*DATASET CONTENT*.
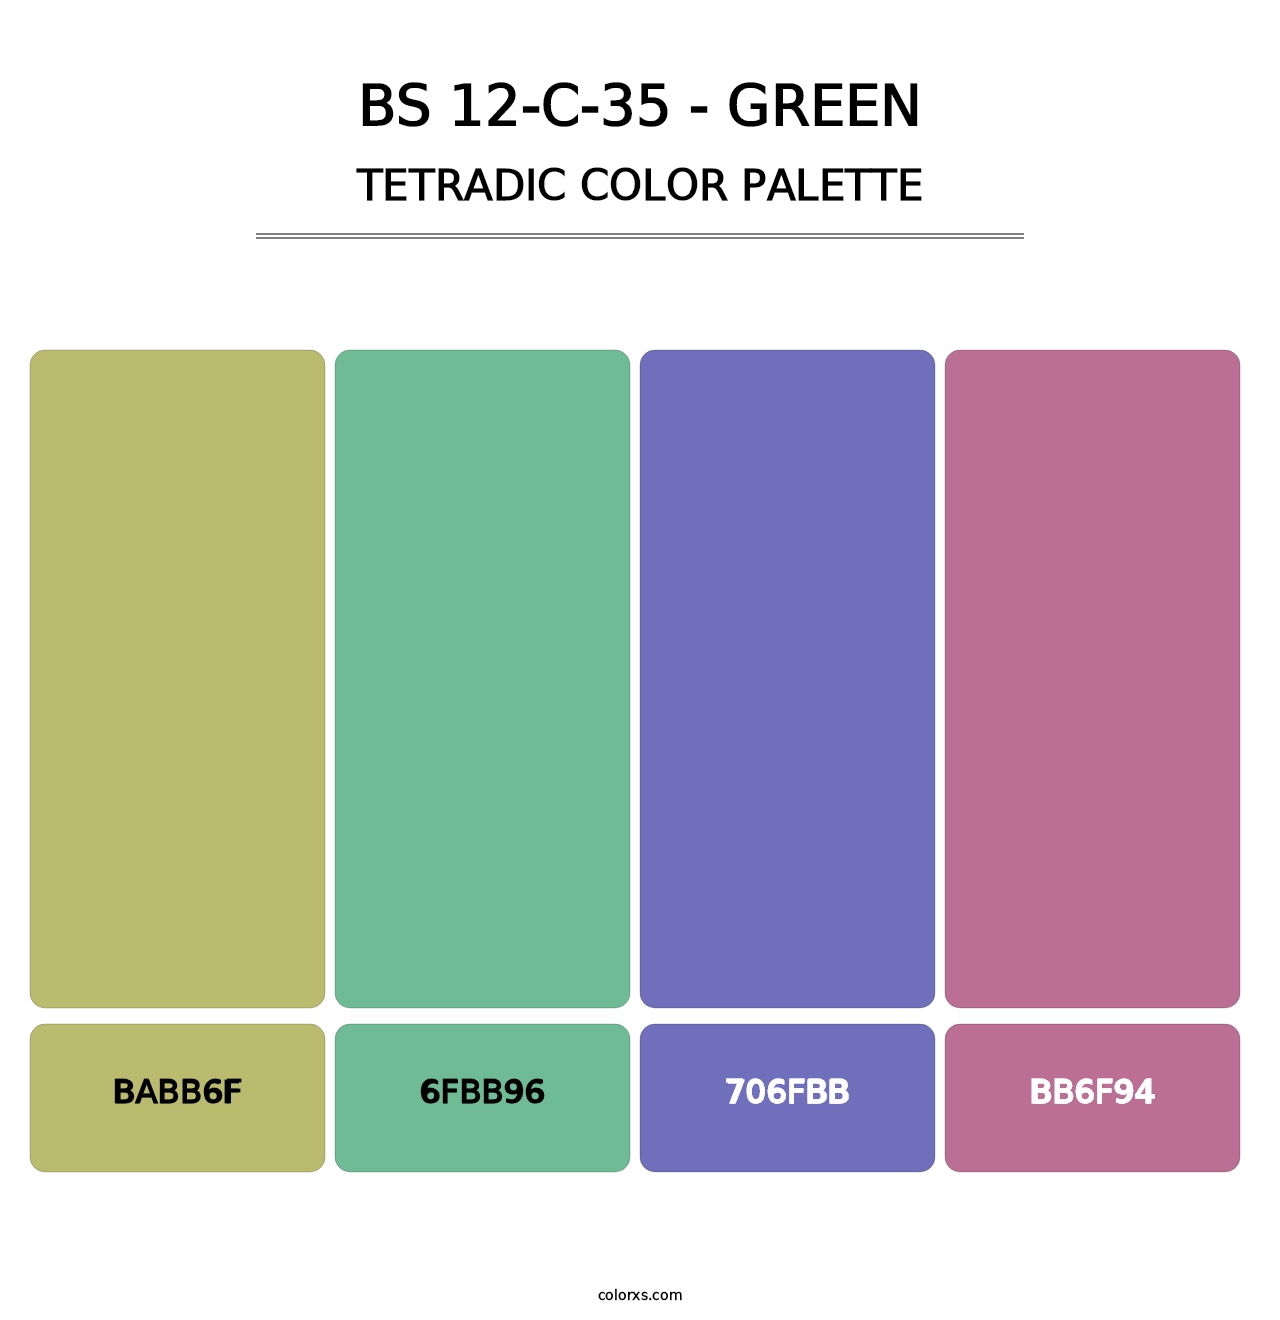 BS 12-C-35 - Green - Tetradic Color Palette
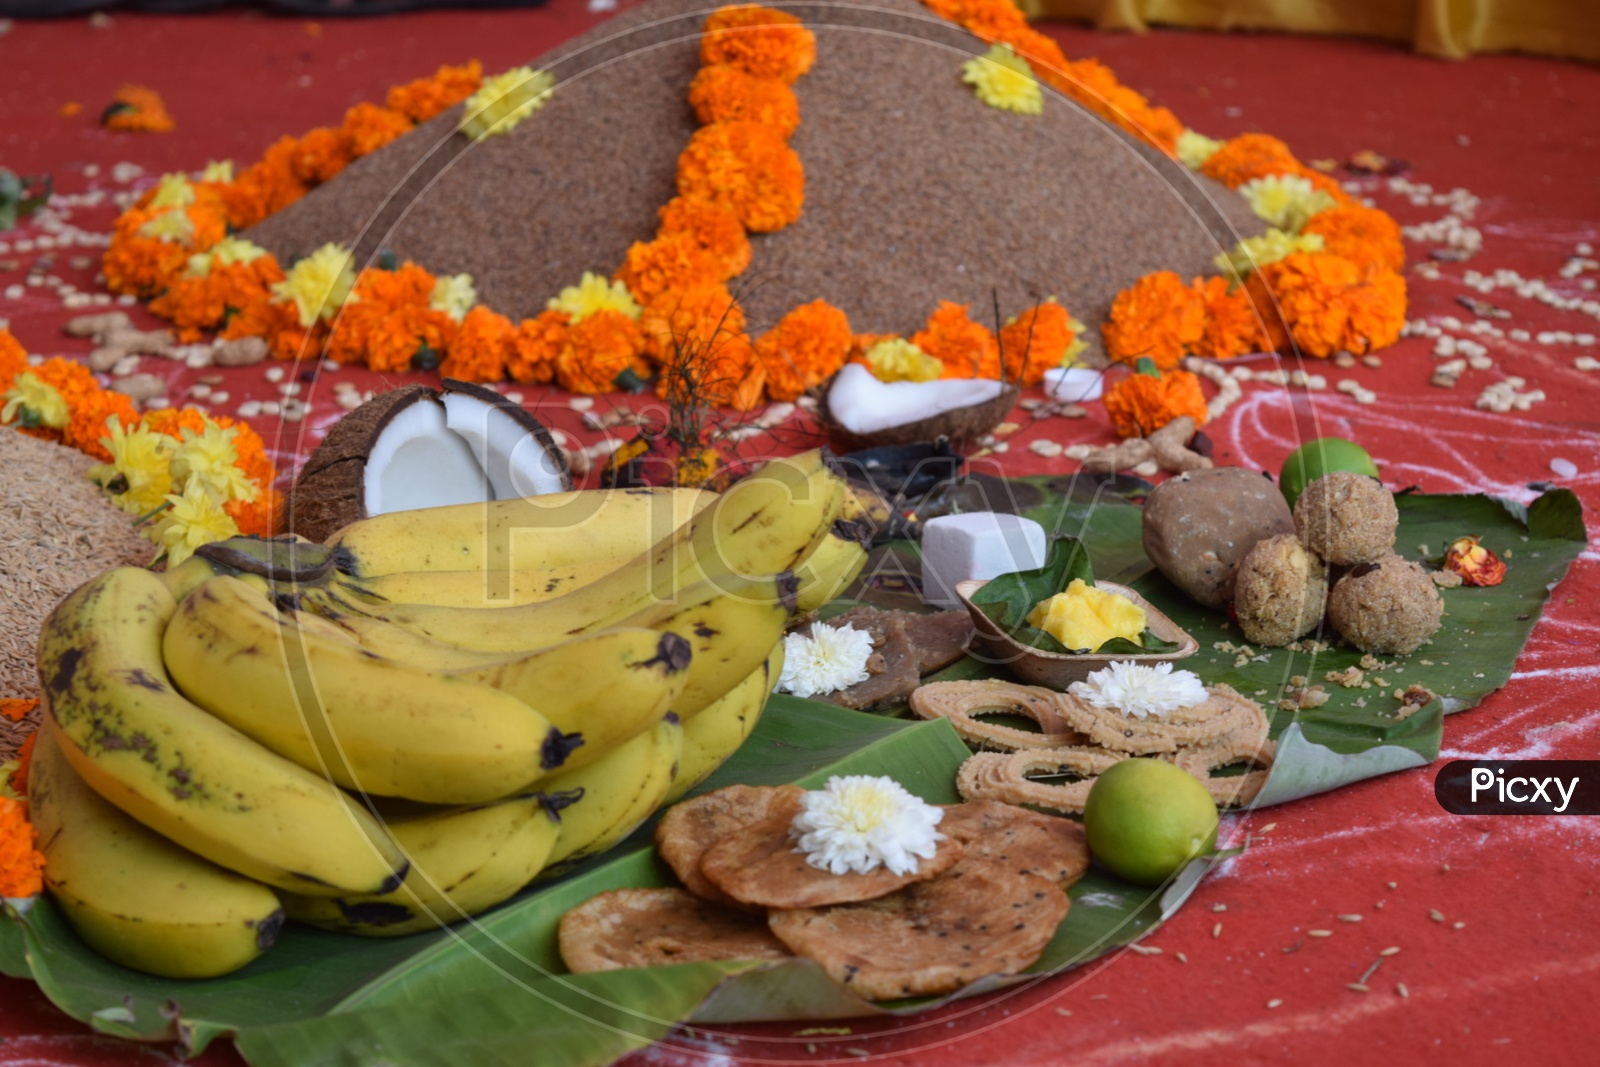 Sankranti festival
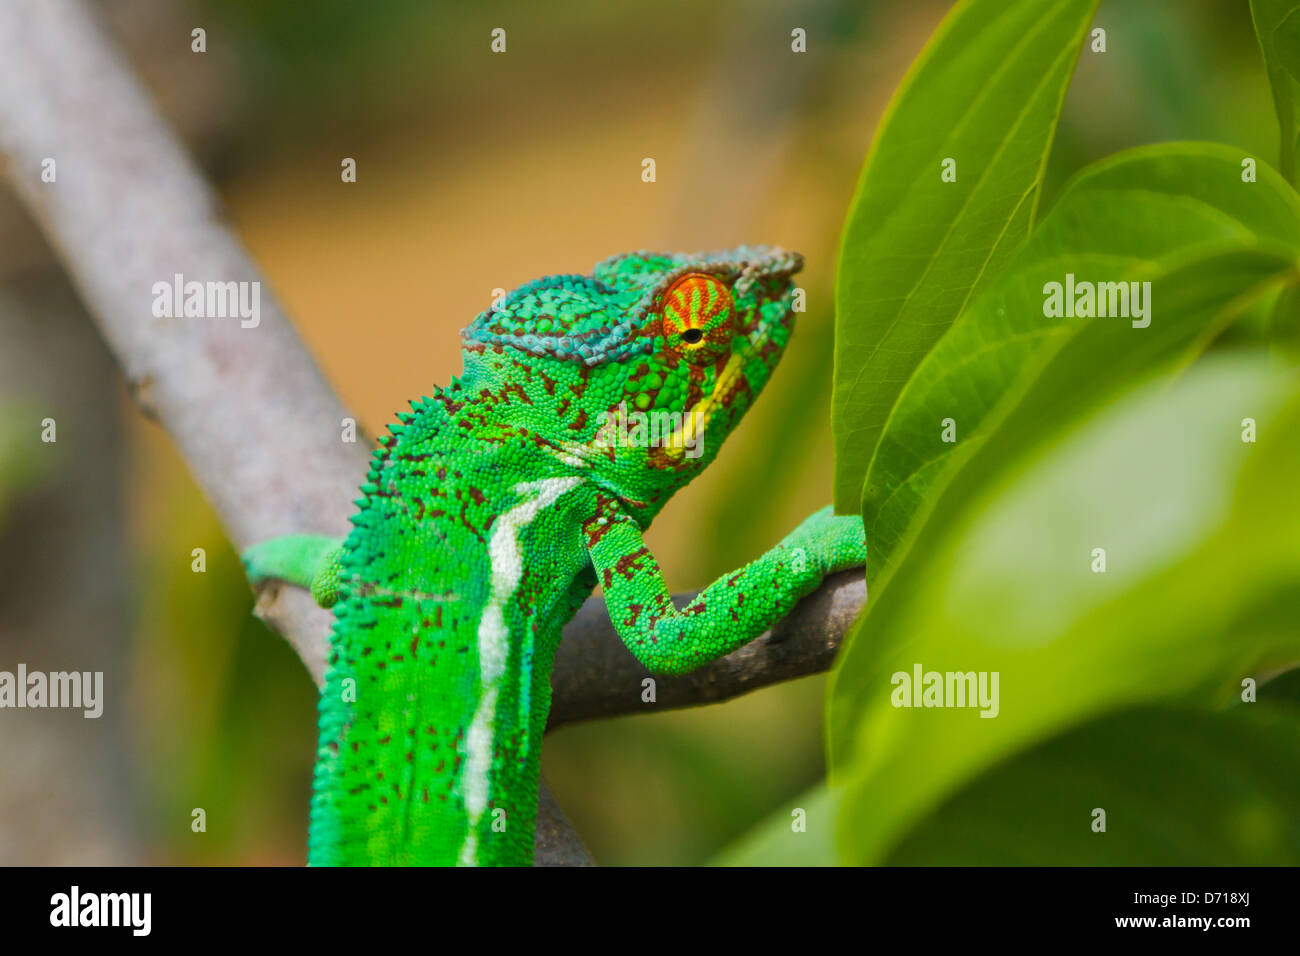 Panther chameleon, Madagascar Stock Photo
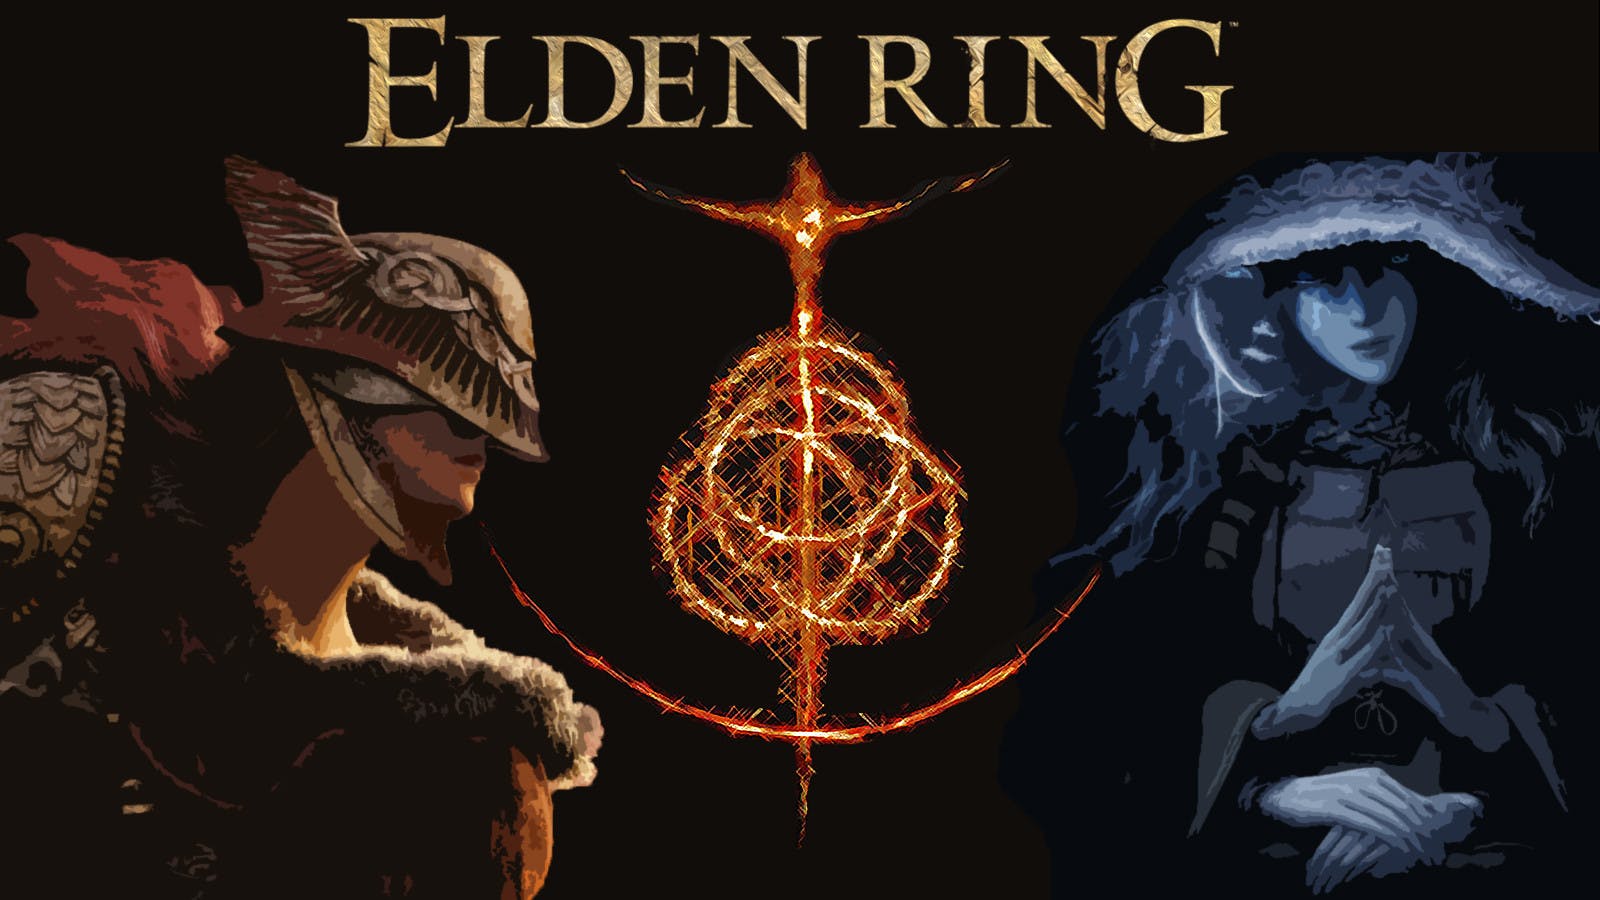 REVIEW: “Elden Ring” is game design modern masterpiece

*WHAT YOU NEED TO DO*. Keep the pictures out of the copy and return the rest of the data above exactly.

*ANSWER SECTION*.
 BS 12-C-35 - Green - Tetradic Color Palette
 Sankranti festival
 Panther chameleon, Madagascar Stock Photo
 REVIEW: “Elden Ring” is game design modern masterpiece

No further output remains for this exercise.